There is a way to automate shared-state con/cy!!!

[master_p (608214)]

There is a way to automate shared state concurrency! every object should be its own thread. Computations that refer to the same object must be executed by the object's thread.

Here is how it works:

A computation does not return a result, but a tuple of {key, continuation}. The key is used to locate the thread to pass the continuation to. The computation is stored in the thread's queue and the thread is woken up.

The tuple {key, continuation} pair can be an 64-bit value (on 32-bit machines) that consists of a pointer to a memory location (the key) and a pointer to code (the continuation).

The insertion to the thread's queue can be done using lock-free data structures.

Threads can be user-level so there need not be a switch to kernel space.

This design can allow for linear scaling of performance: the more cores you put in, the more performance you get (for algorithms that are not linear, that is). Linear algorithms would execute a little slower than usual, but the trade off is acceptable: for many applications that allow for parallelization due to having lots of (relatively) independent objects, the performance boost be tremendous.
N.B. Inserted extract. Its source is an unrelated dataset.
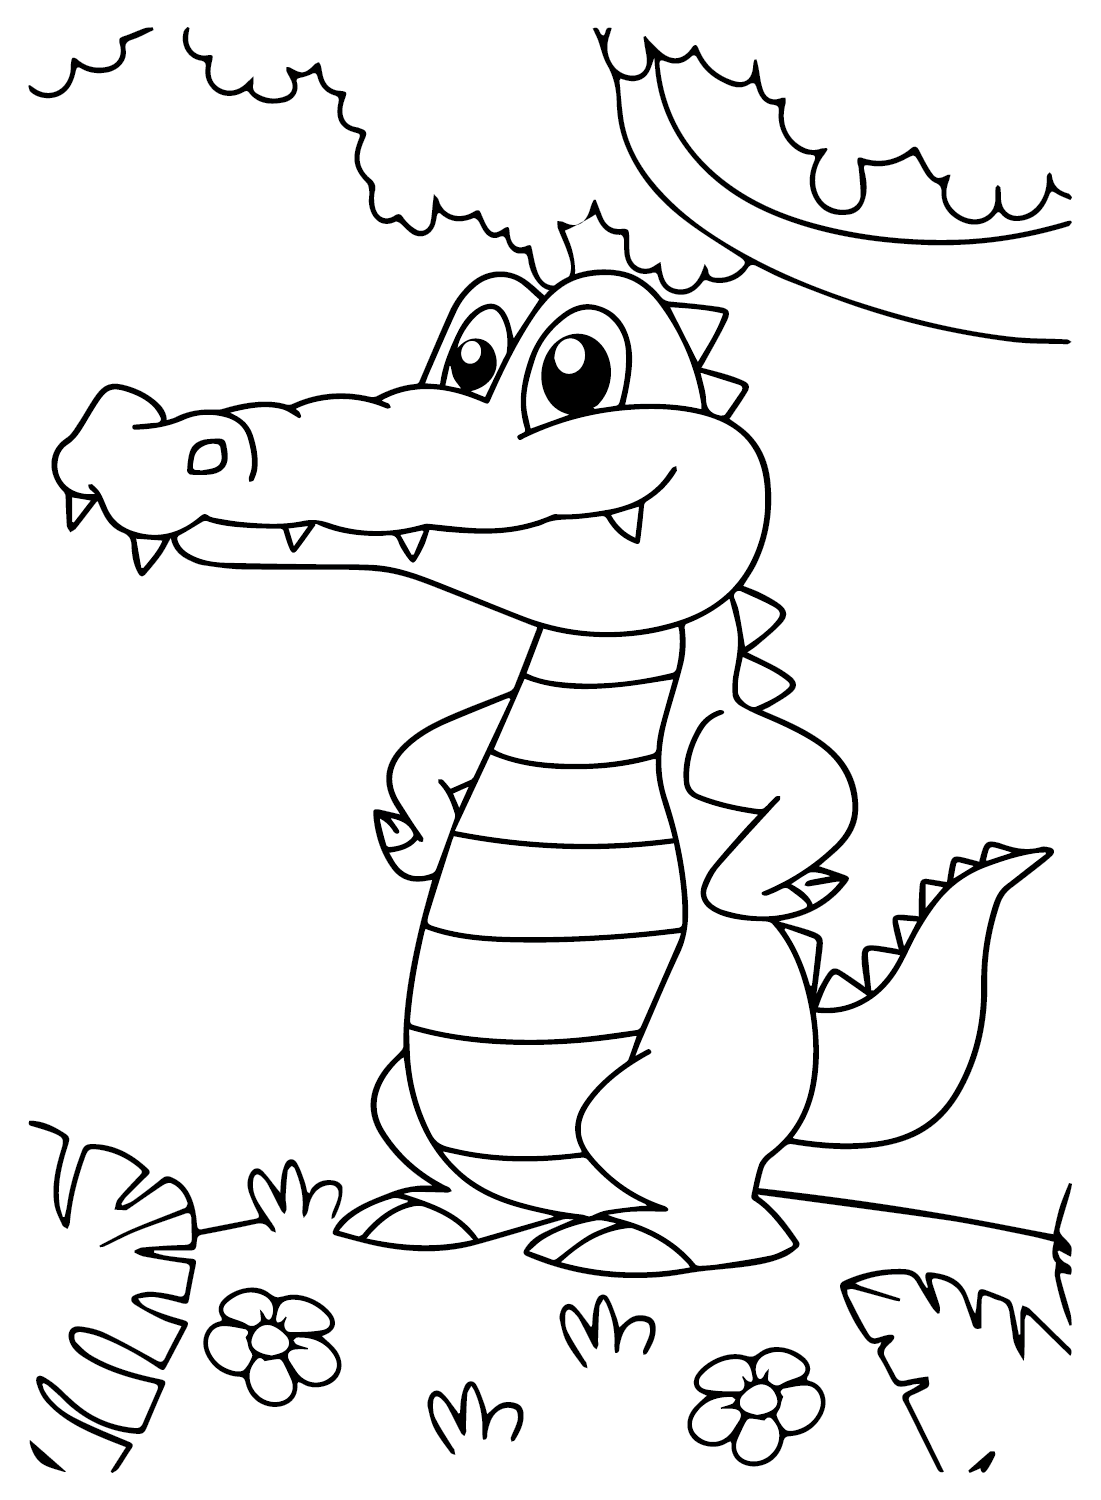 Página para colorear de dibujos animados de cocodrilo de Cocodrilo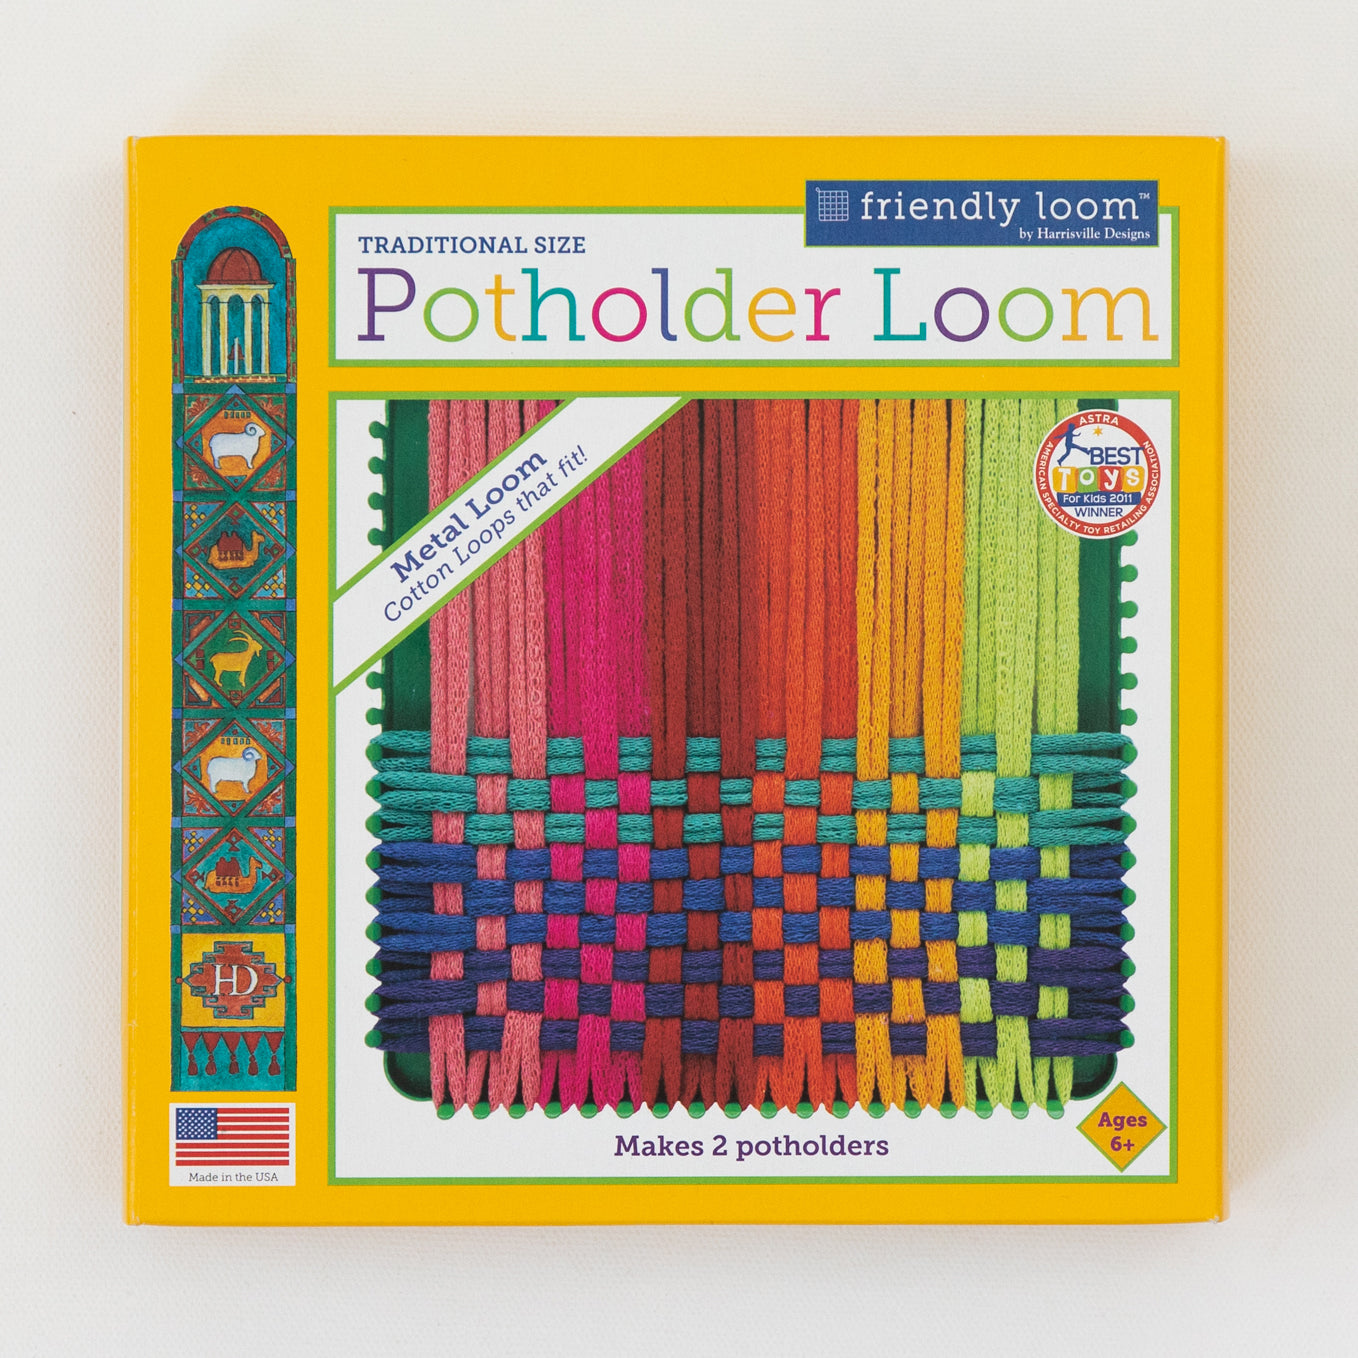 Potholder Loom Kit (traditional size) – Handiwork

There are many domains of applications that would benefit from such an approach:

-web servers/application servers that must serve thousands of clients simultaneously.
-video games with thousands of objects.
-simulations that have many independent agents that can run in parallel.
-GUI apps that use the observer pattern and each observable has many observers than can be notified in parallel.

Note: The above ideas are taken from libasync-mp and lock-free data structure programming.

what about I/O and mosix style clustering?

[soldack (48581)]

I used to work for SilverStorm (recently purchased by QLogic). They make InfiniBand switches and software for use in high performance computing and enterprise database clustering. The quality of the I/O subsystem of a cluster played a large part in determining the performance of a cluster. Latency (down the microsecond) and bandwidth (over 10 gigabits per second) both mattered.

Also, we found that sometimes, what made a deal go through was how well your proposed system could run some prexisting software. For example, vendors would publish how well they could run a standard crash test simulation.

Also, I would like to see more research put into making clustered operating systems like mosix good enough so that developers can stick to what they have learned on traditional SMP systems and have their code just work on large clusters. I don't think that multicore processors eliminate the need for better cluster software.